I'm looking at a CVE for an old thrift shop router that amounts to a stack based buffer overflow with no NULL
characters allowed. I can control the instruction pointer register as well as a few less useful registers. My goal is to perform a stack pivot to something I control. The router runs on MIPS big endian architecture so I can't leave the last 8 bits of a payload empty to get a leading NULL
in an address. e.g. 0x00XXXXXX. I'm left to look for gadgets in shared objects (or the stack if cache flushed). I find that shared objects are generally loaded at higher addresses that make use of all 32 bits of the address. I cannot use gadgets from the vulnerable process because it was not compiled with -fpie
and it loads at the same address with a leading NULL
every time.
If I consistently want to be able to use gadgets in a shared object, it will need to be loaded with the same base address most of the time. Assuming no ASLR (not enabled on my router), what determines where a shared object will be loaded?
If I run ldd
on the target binary, I get this:
$ mips-linux-ldd squashfs-root/sbin/my_binary
/lib/ld-uClibc.so.0 => /lib/ld-uClibc.so.0 (0x00000000)

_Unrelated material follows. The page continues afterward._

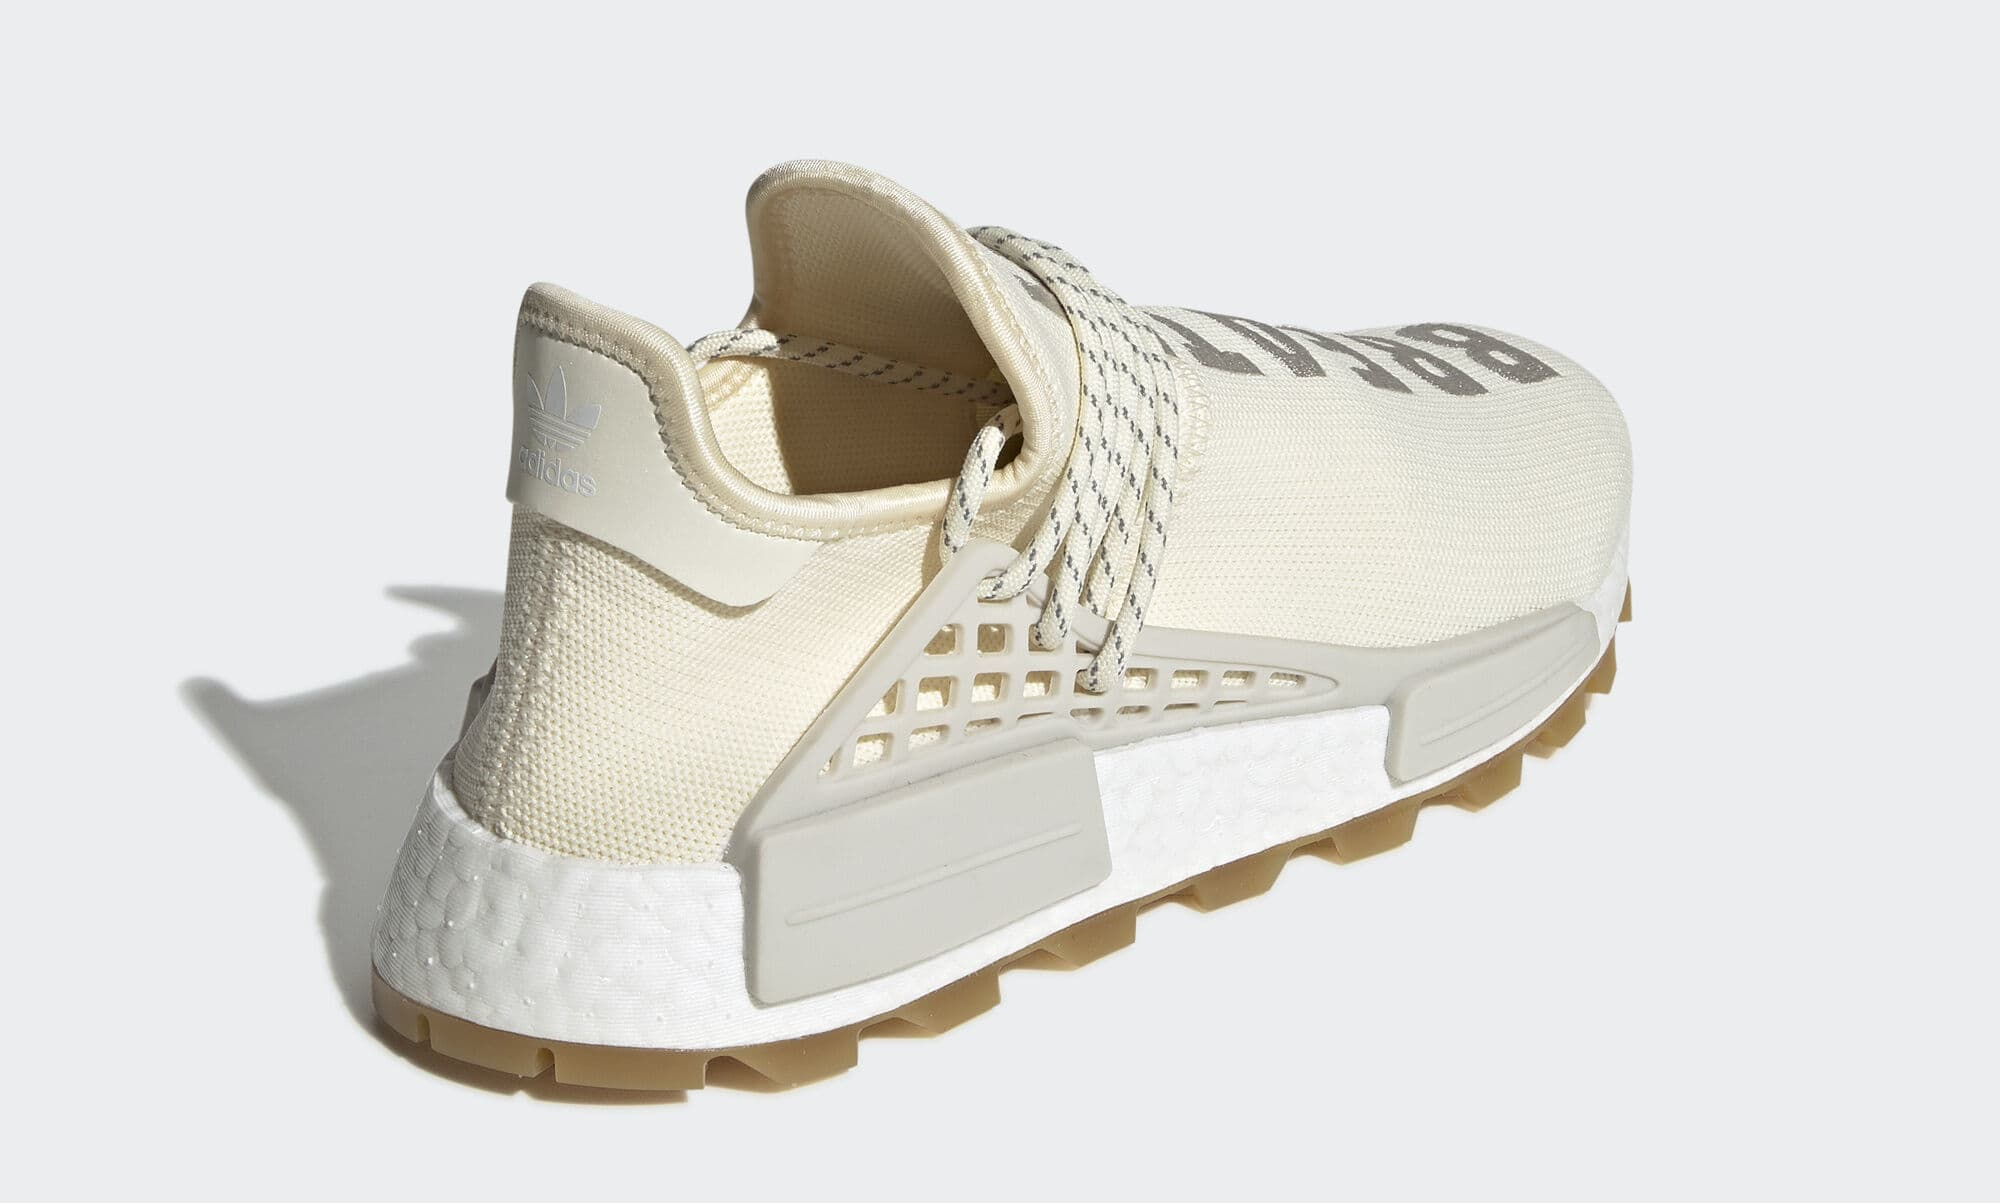 Pharrell x Adidas NMD Hu 'Gum' EG7737 (Heel)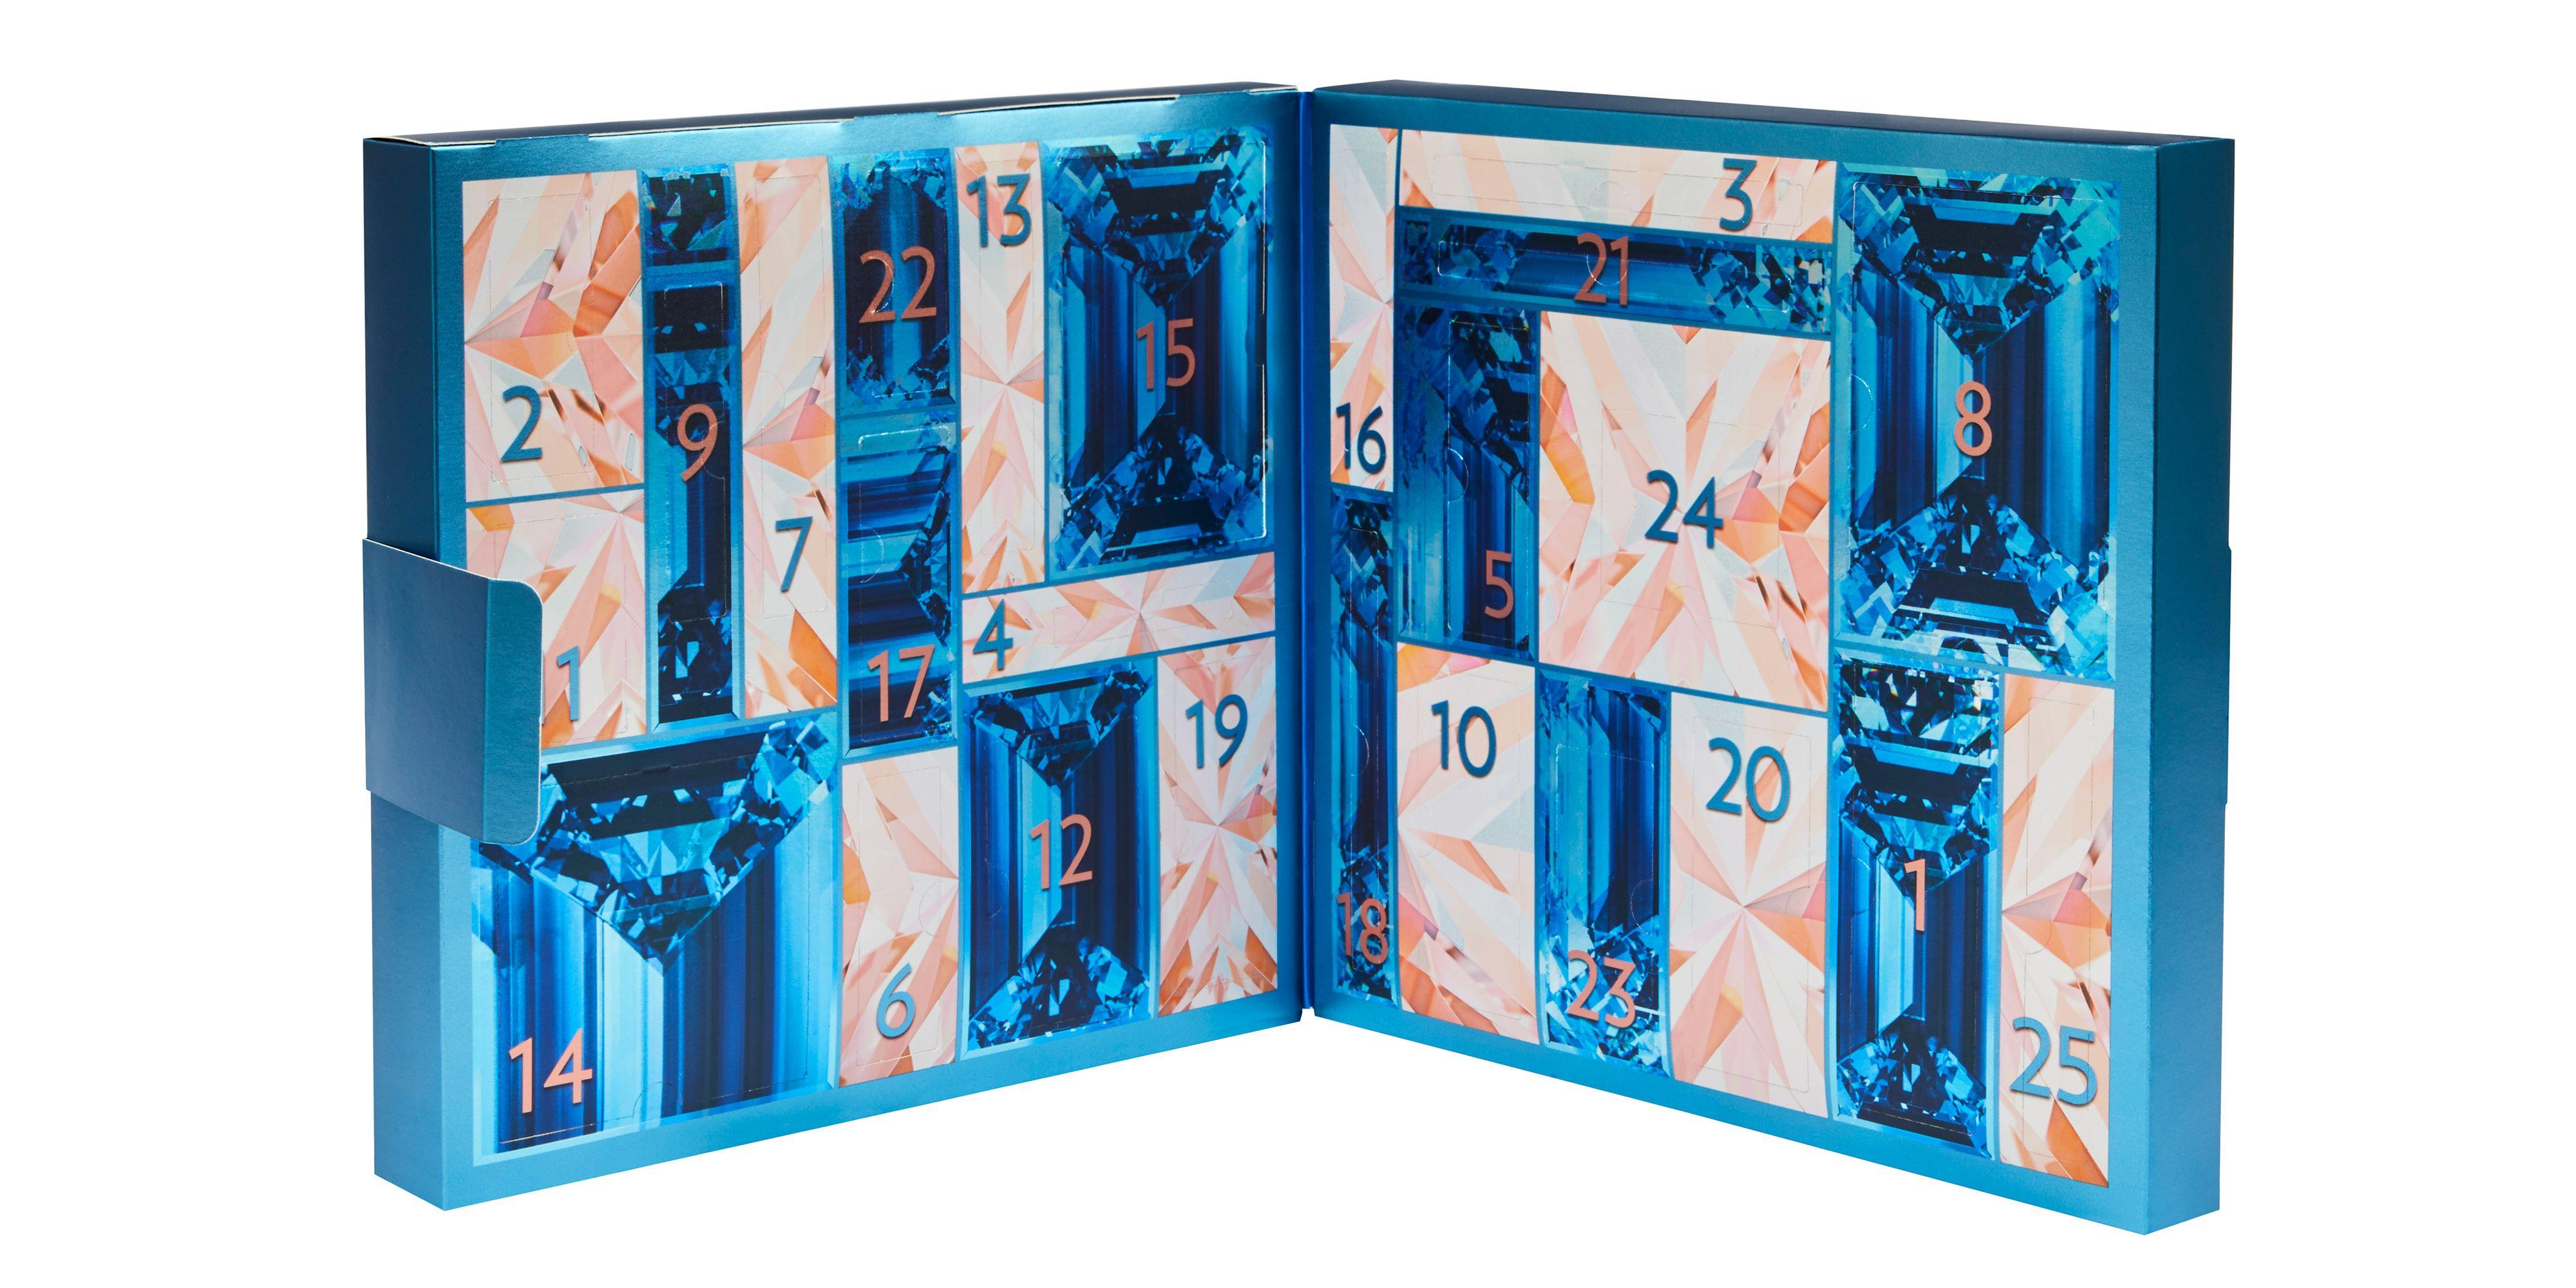 No7's Beauty Advent Calendar Contains Golden Tickets

Not super useful. I know that ld-uClibc.so.0
doesn't get loaded at 0x00000000
and that there are several other libraries that get loaded for this process (not dlopen
'ed) which are not listed. Perhaps the non-useful output is a toolchain thing or due to the fact that I'm not running on the target architecture.
Under the hood, I'd think we're looking at mmap
logic.
I found this in an article from Oracle:
An executable or shared object file's base address is calculated during execution from three values: the memory load address, the maximum page size, and the lowest virtual address of a program's loadable segment
To me it seems like these things would never change when working with a specific firmware version where the binaries can always be expected to be the same.
My questions are:
- Will shared objects get loaded in the same place every time on a Linux system with ASLR disabled?
- Is the mapping deterministic?
- What factors, if any will make the shared object map to a different address?
- Perhaps 2 libraries conflict in a preferred address
- Iff library loading is deterministic, can I assume the shared object will always be at the same address after checking once? The word deterministic answers my own question, but I want to be clear.